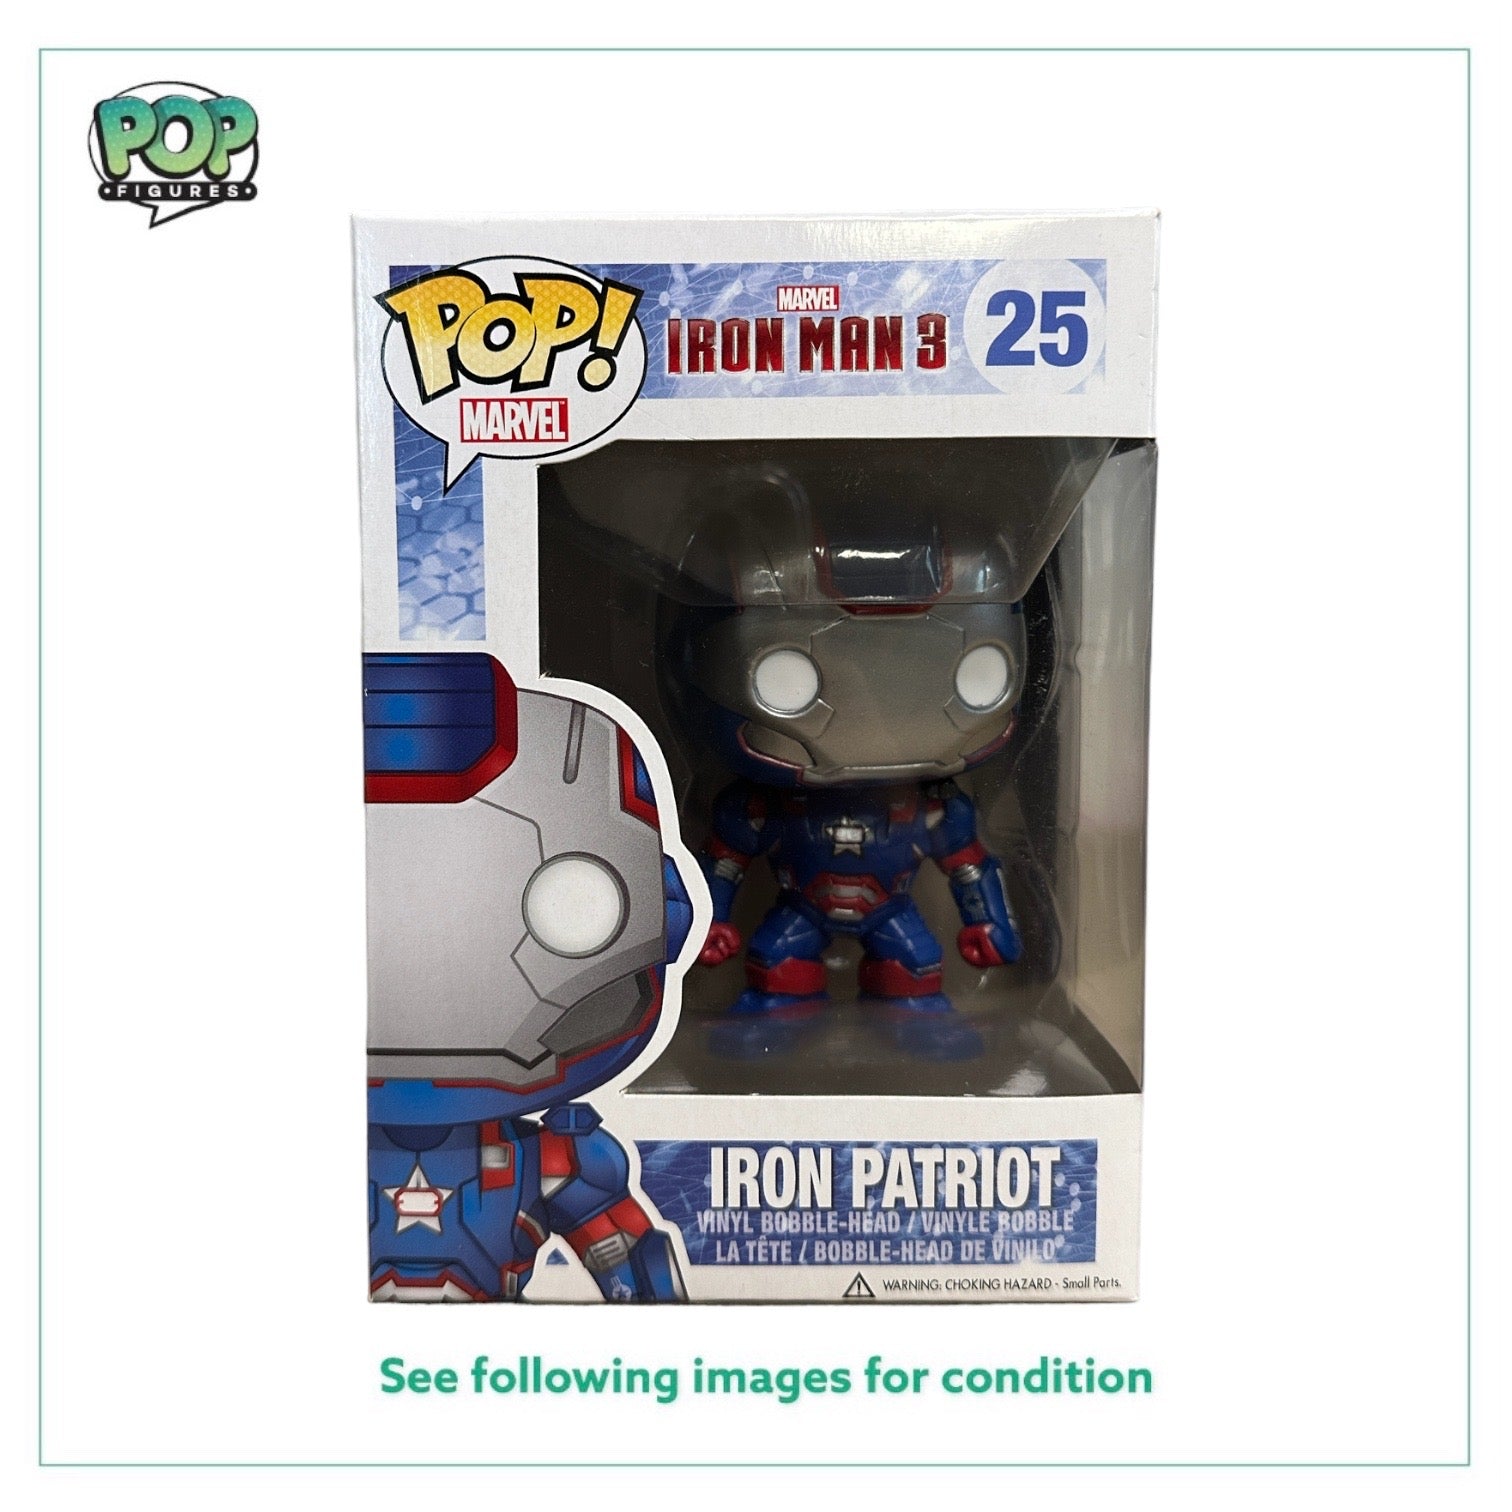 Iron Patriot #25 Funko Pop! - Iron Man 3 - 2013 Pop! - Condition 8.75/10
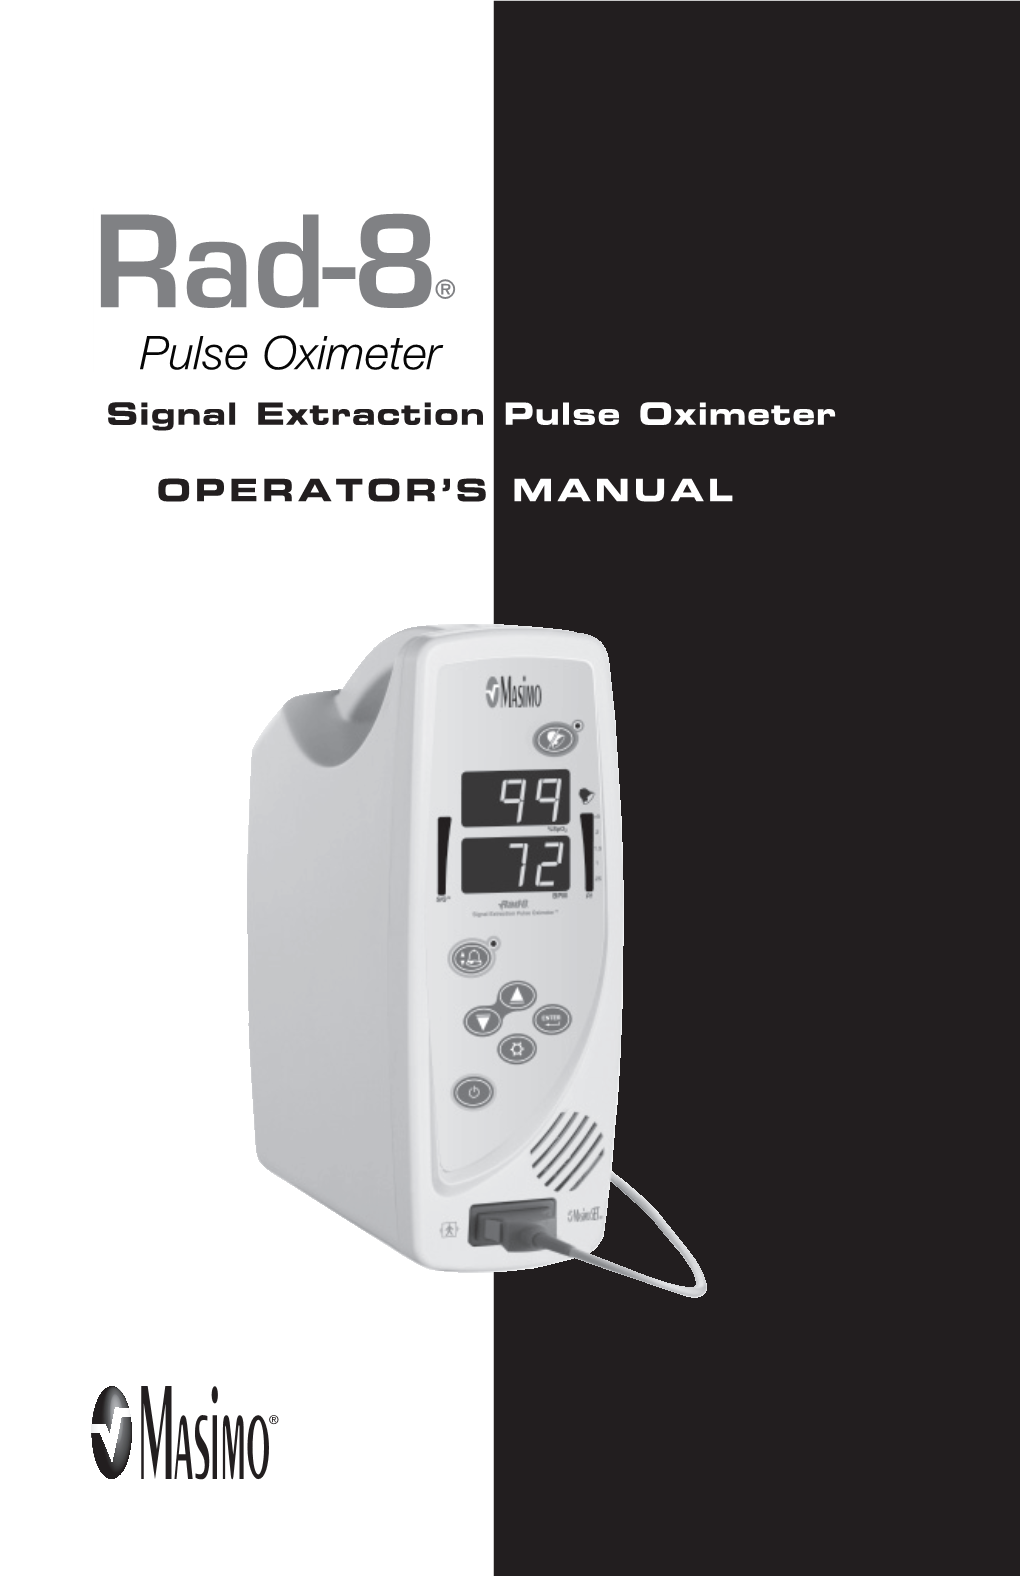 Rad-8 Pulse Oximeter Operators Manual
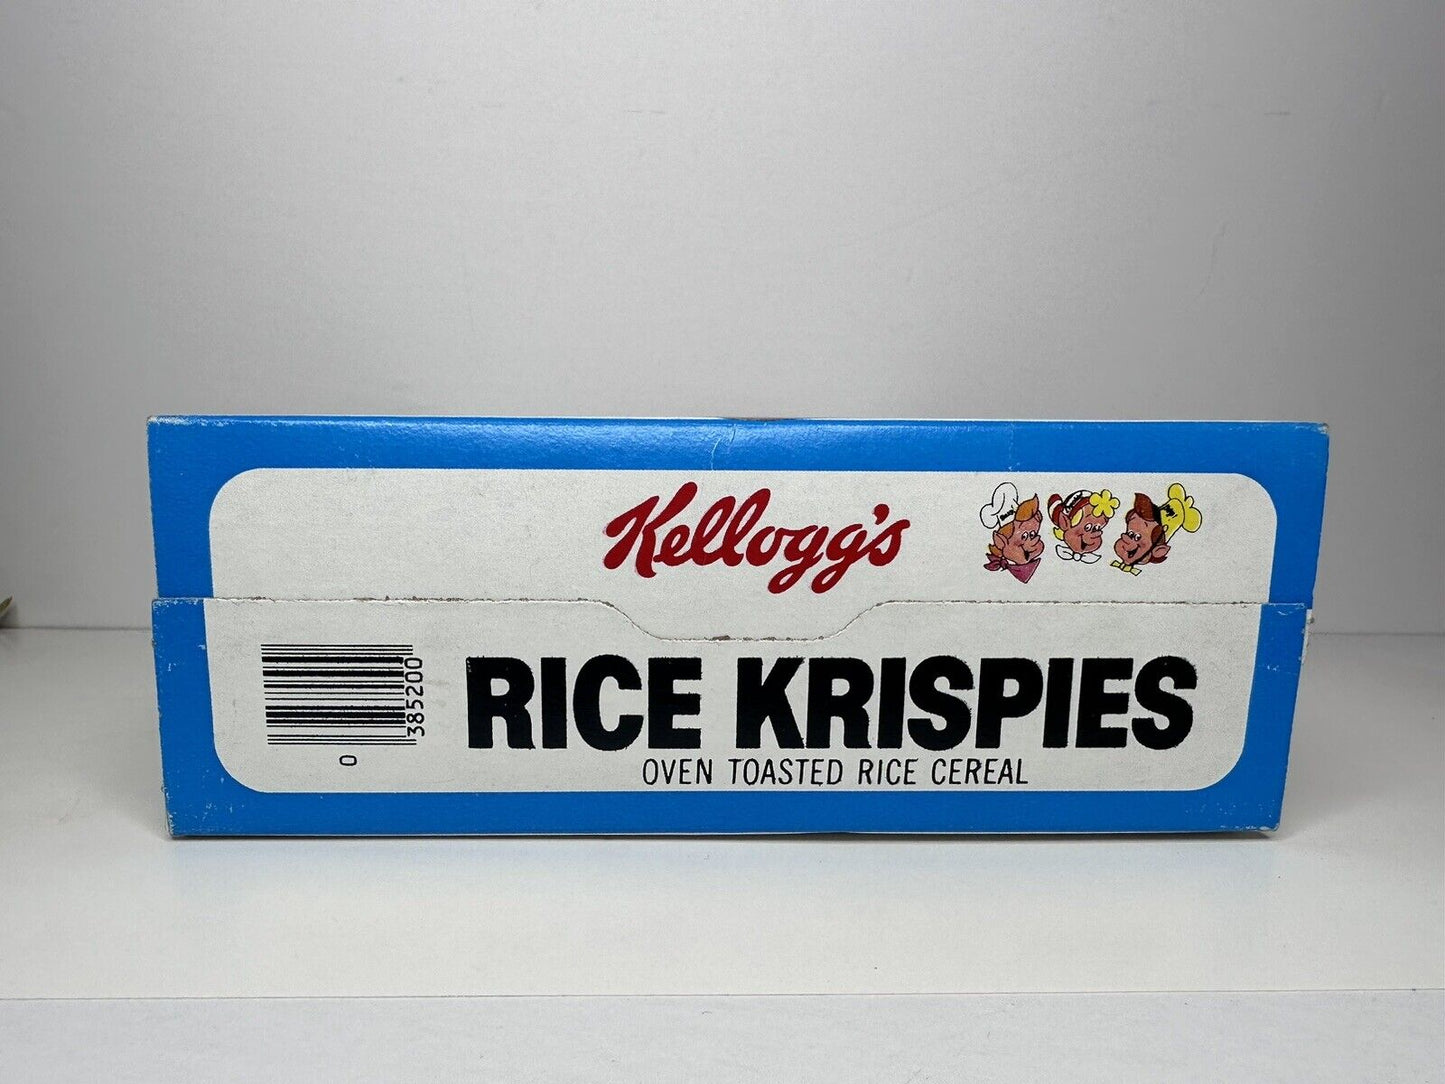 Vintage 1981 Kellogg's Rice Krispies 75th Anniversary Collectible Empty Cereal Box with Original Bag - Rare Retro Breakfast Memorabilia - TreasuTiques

=-=-=-=-=

-- Exercise directions --
Could you repeat the data exactly, omitting its pictures?

-- Completed task --
 Iron Patriot #25 Funko Pop! - Iron Man 3 - 2013 Pop! - Condition 8.75/10
 Rad-8 Pulse Oximeter Operators Manual
 Vintage 1981 Kellogg's Rice Krispies 75th Anniversary Collectible Empty Cereal Box with Original Bag - Rare Retro Breakfast Memorabilia - TreasuTiques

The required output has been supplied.